Salkantay Trek Packing List

By Owen Ter | My Turn to Travel

Salkantay differs slightly to the Inca and Lares because the hike can last from three to five days and optional activities are offered along the way such as zip-lining, horseback riding and hot spring dips! The highest point is 4600m above sea level. Owen from My Turn to Travel went for the long haul and hiked for five days and four nights. Here’s his Machu Picchu hike packing list.

Bags

  • 1 day pack for essentials
  • 1 day pack/duffel bag carried by mules (depending on your agency, it might be provided and maximum weight is 5-7kg)

Clothes and gear

  • Towel (showers are available on the final day hotel at the Agua Calientes)
  • Bathing suit for Santa Teresa hot spring

Hiking t-shirts split into followings:

  • 1 or 2 t-shirts for high altitude trek (cold)
  • 1 for humid weather (cloud forest hike)
  • 1 for a hot (trek from Santa Teresa to Agua Calientes)
  • 1 for Machu Picchu outfit (photo opp!)

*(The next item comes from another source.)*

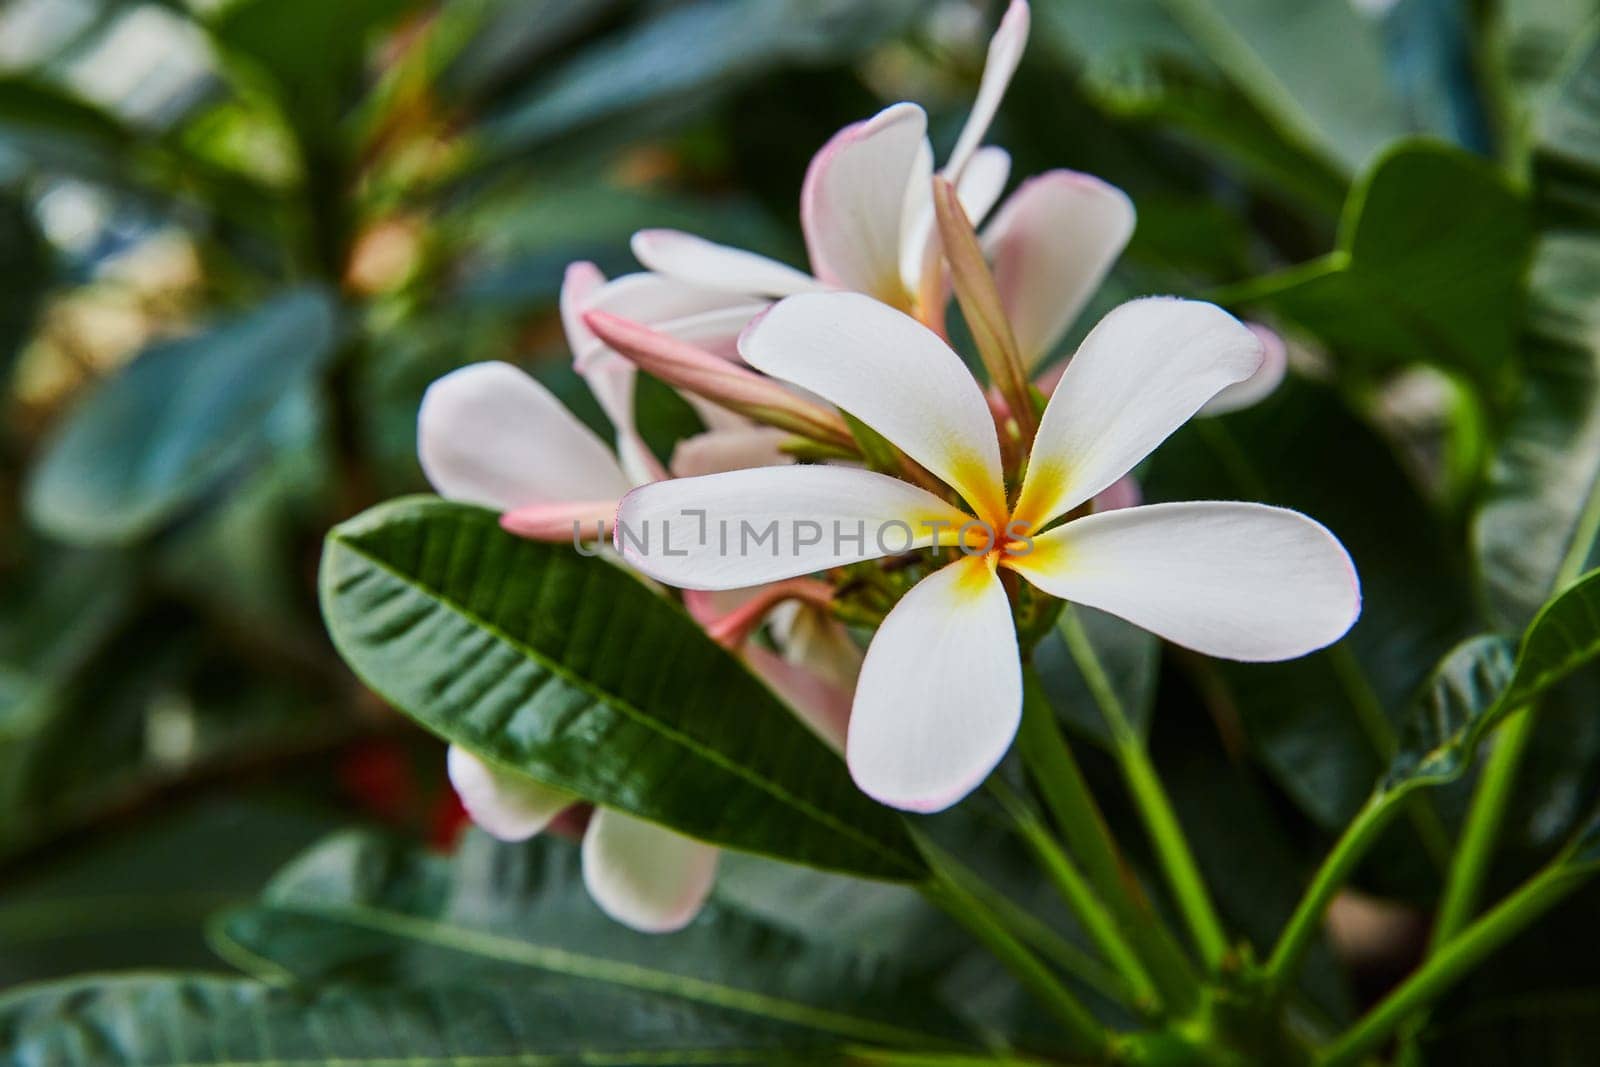 Vibrant Plumeria Bloom with Pink Gradient Petals and Lush Foliage Close-Up by njproductions

Hiking pants long and short for different climate at different sections of the trek

  • Wear long pants if doing ziplining. There are TONS of blood-sucking insects

Necessities

  • Underwear for 5 days trekking
  • Thermals (USA / UK) for first night campsite at >3900m and second-night campsite 2900m
  • Fleece jacket
  • Rain jacket
  • Insulated jacket (recommended to wear layers as internal heat generated keeps trekkers warm)
  • Gloves (it can get very cold at campsite and Salkantay pass)
  • Cap/hat
  • Beanie for cold weather
  • Sleeping bag/pad -10 degrees C (Available to rent from company)
  • Refillable water bottle (min 1L)
  • Trekking poles (optional, can hire from company)
  • Small locks for the duffel bag on the mules
  • Waterproof ziplock bags

Trekking shoes

  • Trekking shoes
  • Sandals
  • Socks for five days (two days cold, three days warmer) + extra socks in case of rain

Toiletries and medicine

  • First aid kit
  • Hangover remedy US / UK is recommended – cheap drinks at Santa Teresa’s campfire)
  • Insect repellent and itch cure
  • Wet wipes and hand sanitiser
  • Toilet Paper
  • Sunscreen
  • Sunglasses
  • Headlamp
  • Passport for Machu Picchu
  • Camera
  • Charging cables for phones and camera (charge at Agua Calientes hotel)
  • Snacks

Money for

  • Fruits/additional food and drinks
  • Beer and drinks available at various campsites
  • Bus to hot spring (15 soles)
  • Hot spring entrance fee (10 soles)
  • Ziplining (100 soles)
  • Photos for ziplining
  • Exploring Aguas Calientes (food, drinks, souvenirs)

Do remember

  • Payment receipt – Important!
  • Train ticket/receipt if included
  • Huayna Picchu/Machu Picchu Mountain ticket if included
  • Passport!

Lastly, prop for Machu Picchu money shot… Check out Owen’s guide to the Salkantay Trek.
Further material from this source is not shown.